The vaccine industry was going out of business, but then the govt stepped in an decided to indemnify the vaccine manufacturers.

[–]wizzwizz4 2 insightful - 1 fun2 insightful - 0 fun3 insightful - 1 fun -  (4 children)

and double-blind study's [sic] with a placebo aren't conducted.

doi:10.1016/S0140-6736(86)91044-5

It's behind a paywall, but I'm sure that there's an open access version accessible from some other DOI provider. There's a list here, in the General section.

[–]Tom_Bombadil 1 insightful - 1 fun1 insightful - 0 fun2 insightful - 1 fun -  (3 children)

Let's see it.

[–]wizzwizz4 2 insightful - 1 fun2 insightful - 0 fun3 insightful - 1 fun -  (2 children)

I've given you all the information you need to get a copy.

[–]jtriangle 2 insightful - 1 fun2 insightful - 0 fun3 insightful - 1 fun -  (8 children)

Well the two week hard to control fever is only part of it. It also sterilizes a fair number of people.

[–]Tom_Bombadil 1 insightful - 2 fun1 insightful - 1 fun2 insightful - 2 fun -  (7 children)

Where is the evidence for this?

Have you heard about the serious risks with the MMR vaccine?

[–]wizzwizz4 1 insightful - 1 fun1 insightful - 0 fun2 insightful - 1 fun -  (1 child)

What risks? The risks espoused by somebody who was selling non-MMR vaccines, which later turned out to be due to a fundamental and gaping experimental error?

Or is there evidence now?

[–]jtriangle 1 insightful - 1 fun1 insightful - 0 fun2 insightful - 1 fun -  (4 children)

I've read the studies, the worst thing that I can see about it that's proven with any scientific backing is that it wears off a little when you get old. Easily fixed with a mid-life booster, but there's some debate as to when exactly that should happen.

If there are any serious risks with the vaccine itself, the empirical data shows that it's well below the margin of error.

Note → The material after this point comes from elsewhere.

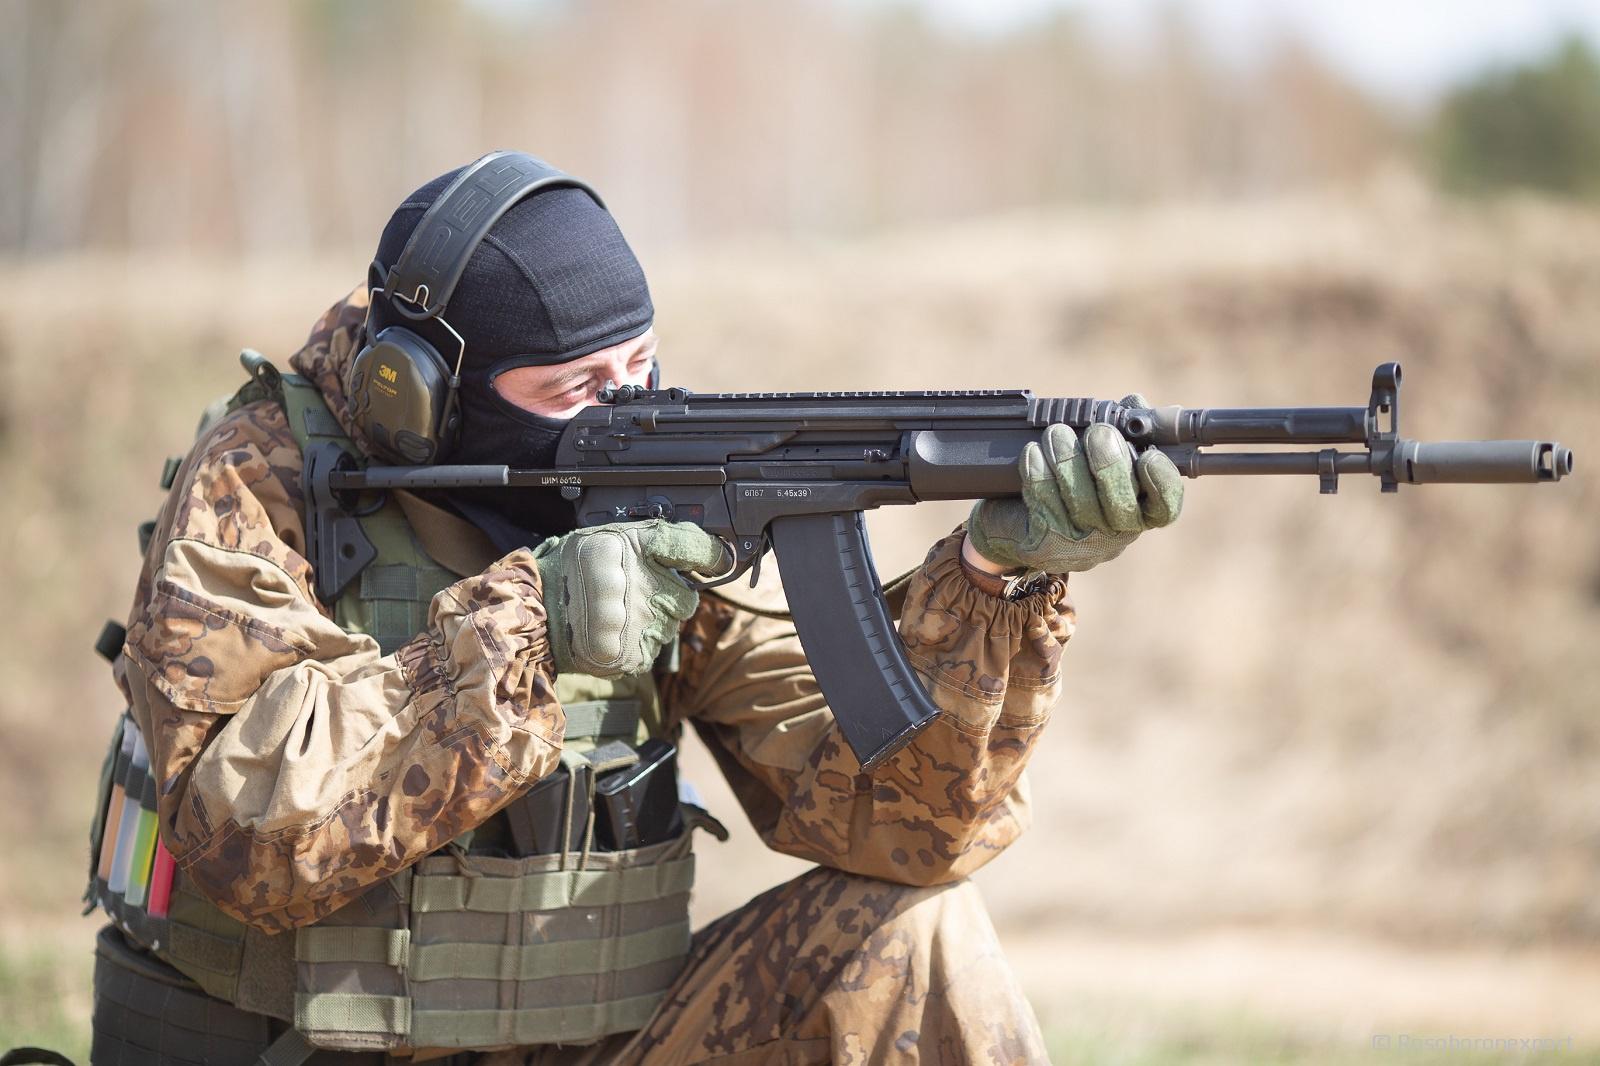 Russian Assault Rifles/Carbines/Machine Guns Thread: #2 - Page 10 F7e1935c748f2caf06317c4a1e1796e7

Now, because we're on a conspiracy sub, it's probably a better conversation to think about why people are getting measles in general. Are the feds infecting people to coax people into getting a vaccine? I can see a 'good' argument on their side that it's worth maintaining herd immunity for national security reasons, and it wouldn't be the first time they'd done something like that.

Hell, it pales in comparison to spraying Serratia Marcescens on San Francisco or giving poor black people syphilis.

[–]Tom_Bombadil 1 insightful - 1 fun1 insightful - 0 fun2 insightful - 1 fun -  (2 children)

Repeating from above with a source:.

the system is a fraud, and double-blind study's with a placebo aren't conducted. The only feild of medicine that perpetrates this fraud. .

4 billion dollars in court ordered payouts is proof enough for that. The government estimates that only 1% if victims seek compensation..

The vaccine industry was going out of business, but then the govt stepped in an decided to indemnify the vaccine manufacturers.

4 billion dollars is hard evidence proving that vaccines aren't safe.

[–]jtriangle 1 insightful - 1 fun1 insightful - 0 fun2 insightful - 1 fun -  (1 child)

How exactly do you do a blind study without literally giving people measles? It sounds like an impossible ethical situation.

That, and the proof of the pudding is in the eating. We had about 20 years of nearly no measles cases, and didn't get them again until people stopped vaccinating.

Also, without knowing what exactly went wrong, 4 billion dollars is a meaningless number. Most malpractice suits are borderline frivolous too, so that further biases your number.

Like anything, it's about how you filter the data. If you want the absolute worst number possible, you can get that with a good data set. If you want an absolutely accurate number of people actually harmed by the vaccine and only the vaccine, you can also get that with a good data set.

[–]Tom_Bombadil 1 insightful - 1 fun1 insightful - 0 fun2 insightful - 1 fun -  (0 children)

It's a double blind study for vaccines vs a placebo. In vaccine studies the placebo is replaced with last year's vaccine, or another vaccine; never against a placebo.

It's always a study comparing the effects of two vaccines. There's is no placebo control.

Even cancer patients get placebos in experimental studies.